There are more doubts as to how Hong Kong will implement the controversial national education course in all schools within two years.
As expected many teachers raised objections during the four-month consultation period that ended earlier this week.
The plan calls for all primary and secondary students in Hong Kong to include national education as a study subject though it has not been clarified as to what exactly the students should be learning and how.
Those for it in the pro-Beijing camp have criticized the city's education system for years saying there is not enough effort made to instill a sense of national identity in students, fearing they will be ostracized by the rest of the country. And those opposed are concerned about the true meaning behind national education, that it could be used for "brain-washing" purposes. There are also concerns of extra workloads for both teachers and students.
This proposal has been one of Donald Tsang's key objectives as Chief Executive, though he steps down next year. He is eager to show Beijing that he is heeding its suggestion that Hong Kong children learn more about Chinese culture (whatever that means).
The Federation of Education Workers which has 13,000 members says the plan should be a pilot scheme first before introducing to all schools, and that only one-third of schools should be involved in the first year.
Federation chairman Wong Kwan-yu said the government's time frame of two years was "unfeasible" and said that as many as 50 percent of teachers taking part in the survey opposed the proposal.
The organization's concerns are a political blow for Tsang, as it traditionally supports the government.
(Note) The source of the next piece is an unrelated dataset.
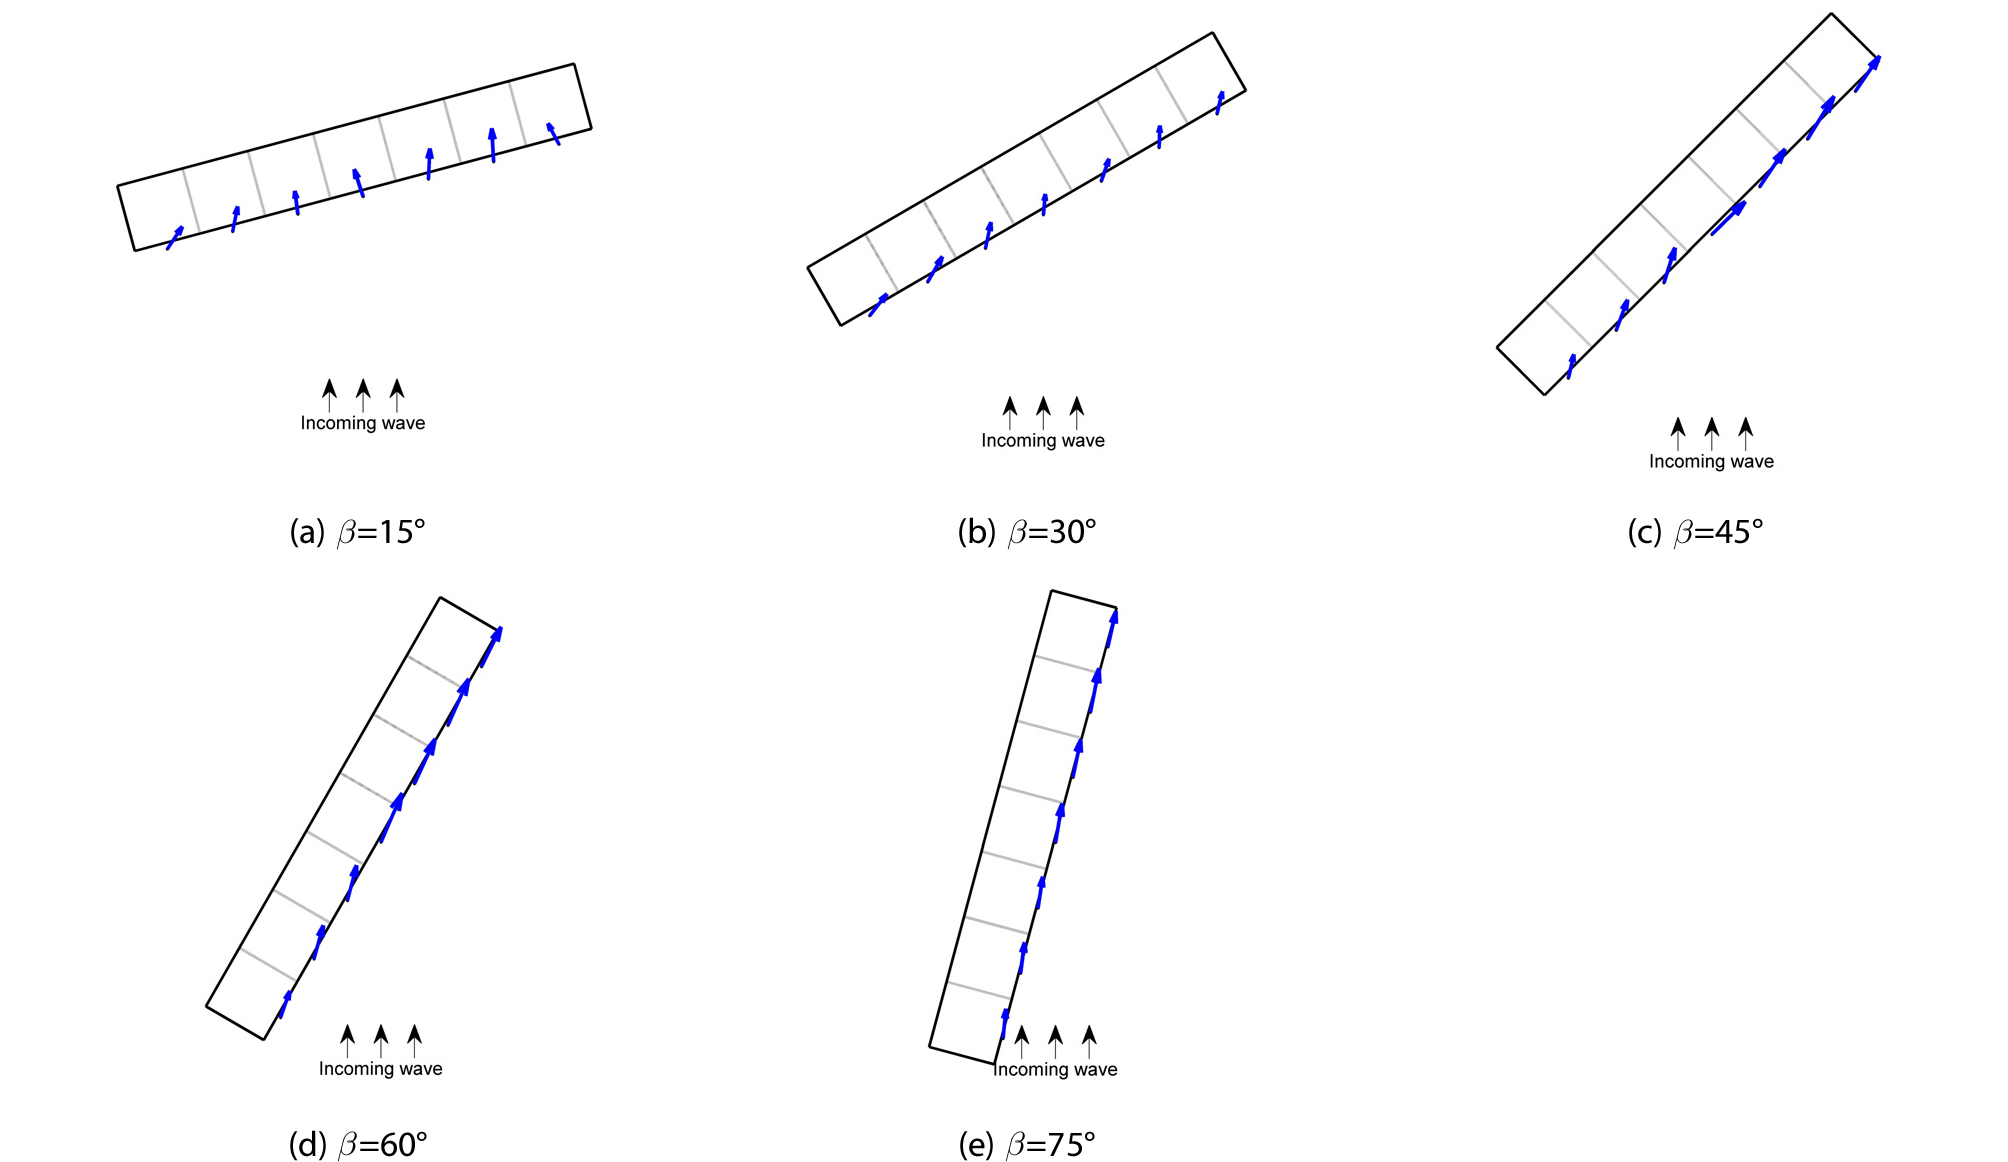 http://static.apub.kr/journalsite/sites/ksce/2019-039-06/N0110390610/images/Figure_KSCE_39_06_10_F12.jpg
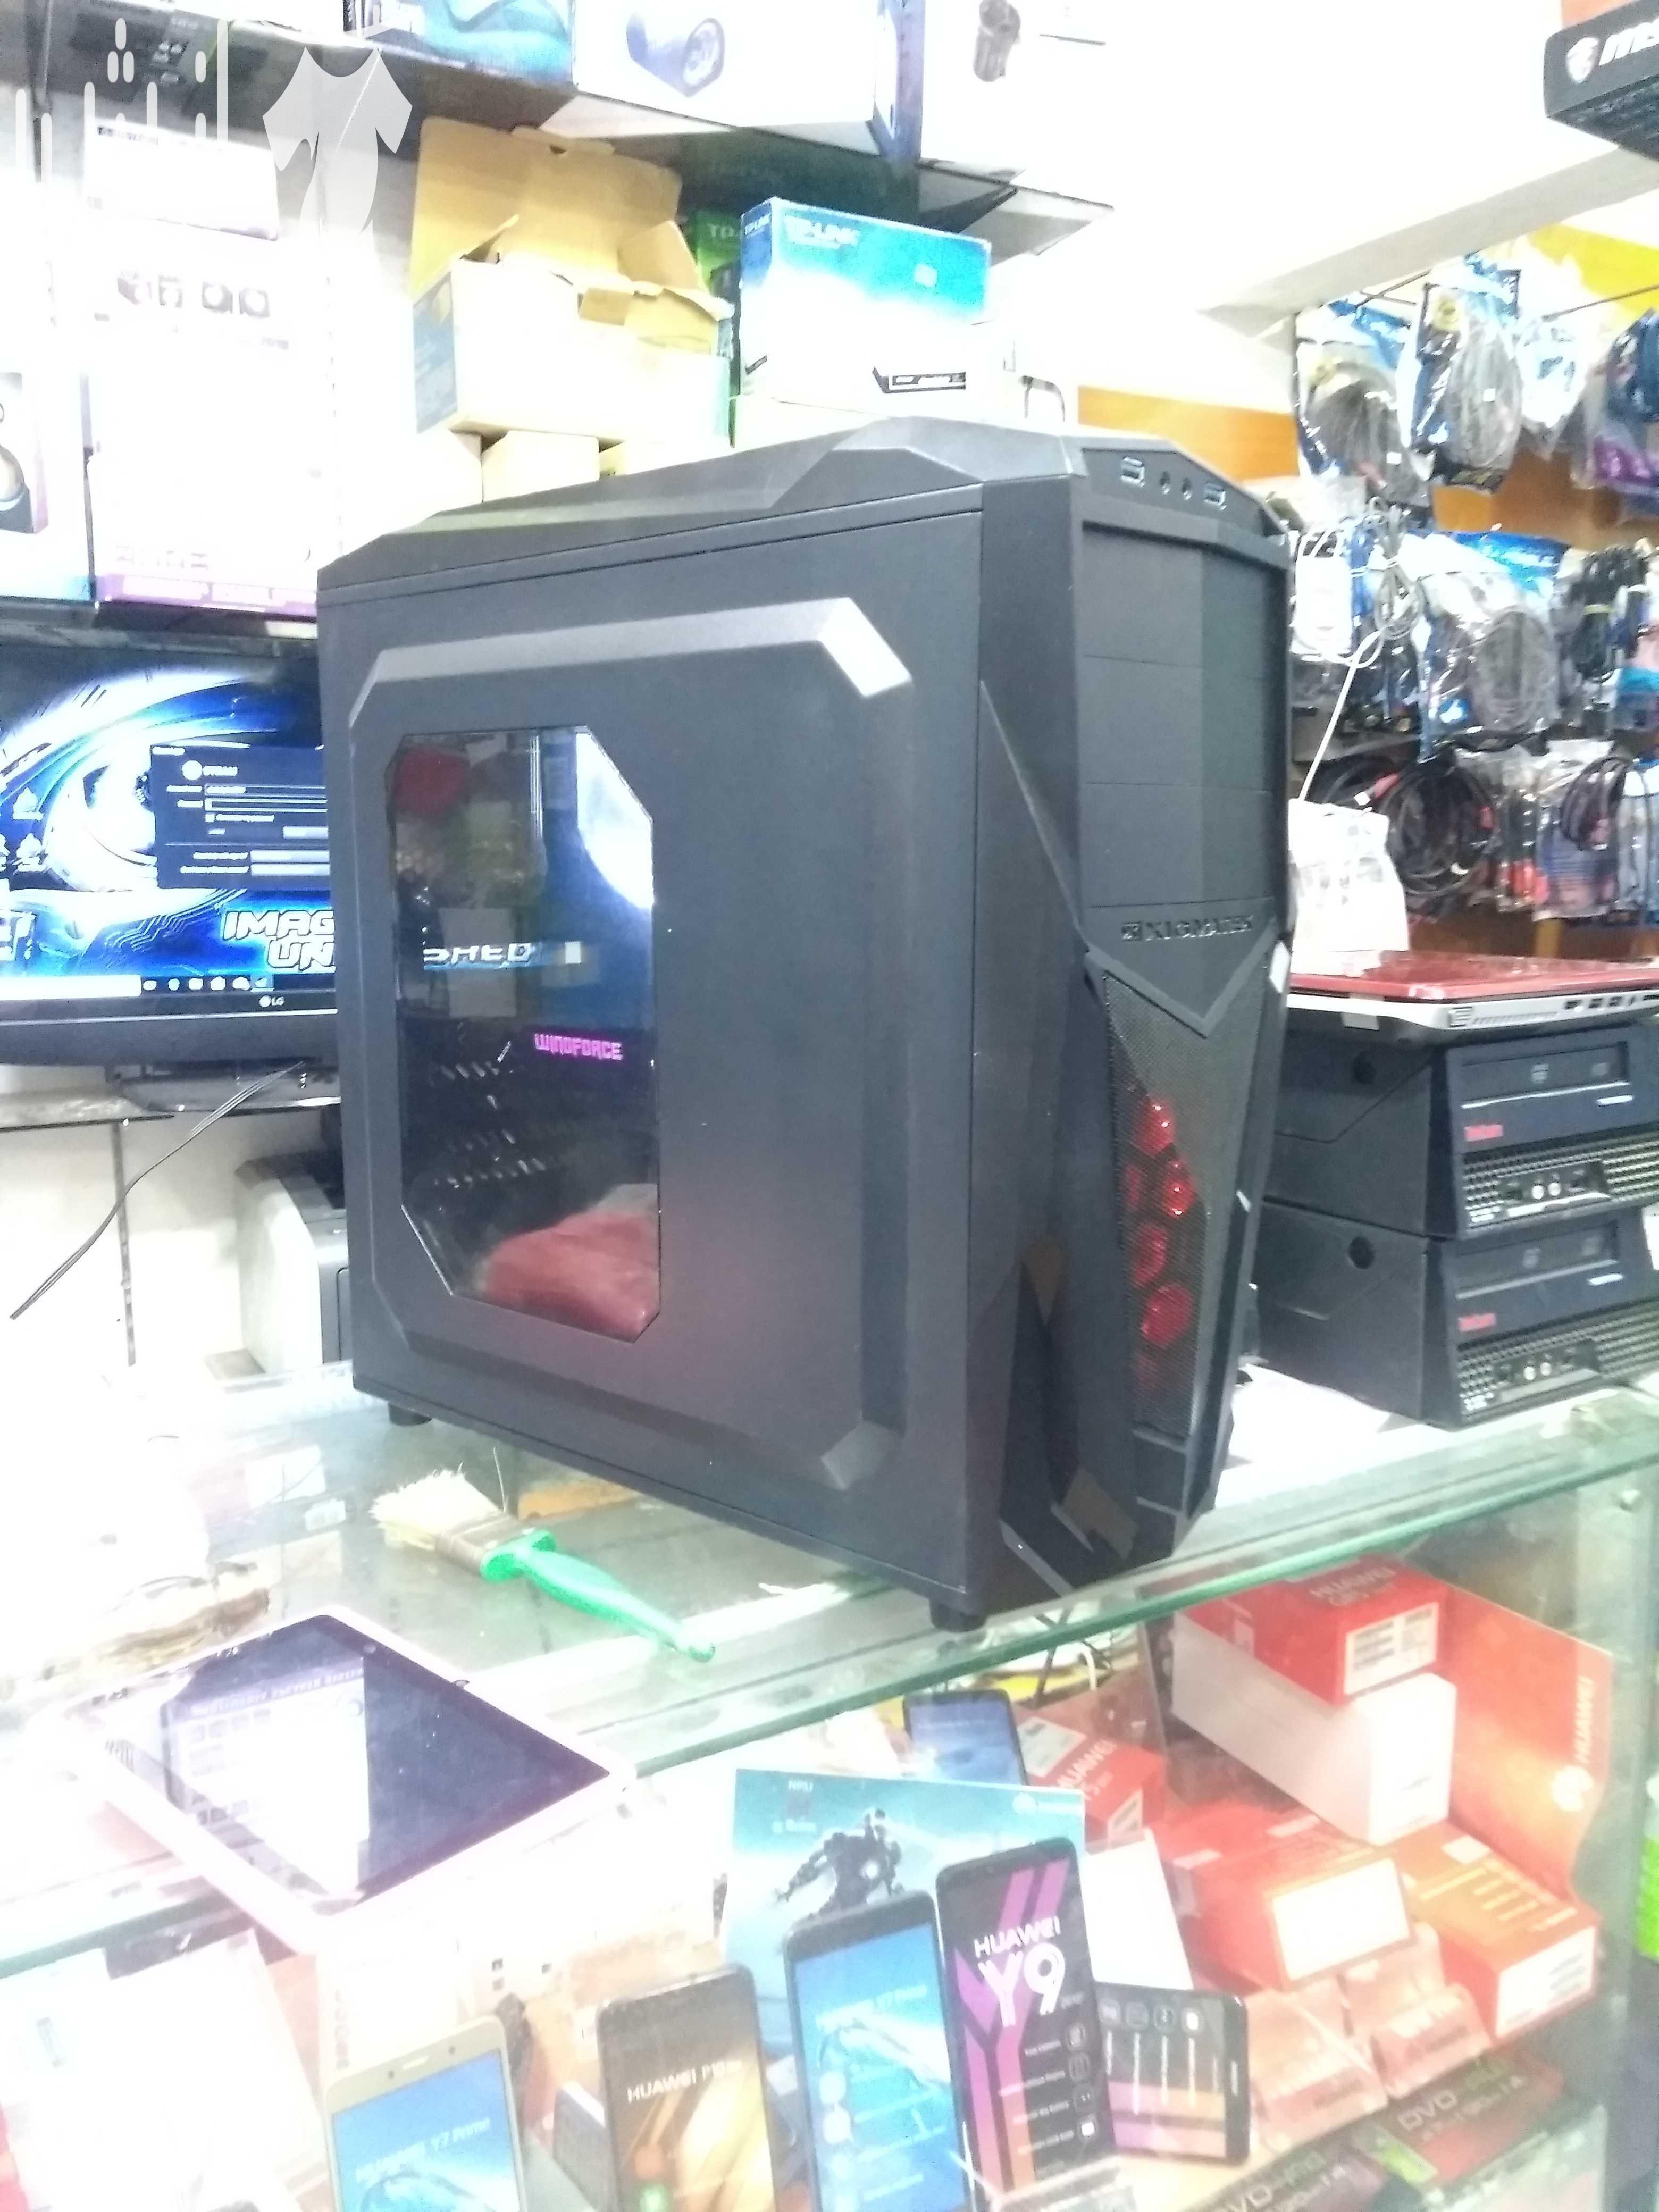 HP Super Gaming i7 9th Gen 12GB Graphic 16GB Ram Laptop-  كمبيوتر احترافي كامل...

The federation is the second-largest teachers' group in Hong Kong, after the Professional Teachers' Union which has already objected to the government's plan.
An advisory body is looking at the comments from the consultation process and will meet on September 15.
Meanwhile Hong Kong Association of Heads of Secondary Schools chairman Yuen Pong-yiu made a cryptic comment. He said the government should make sure students could think independently and critically.
Is he hinting he wants Hong Kong's children to be able to figure out what is propaganda and what isn't when they take this national education course?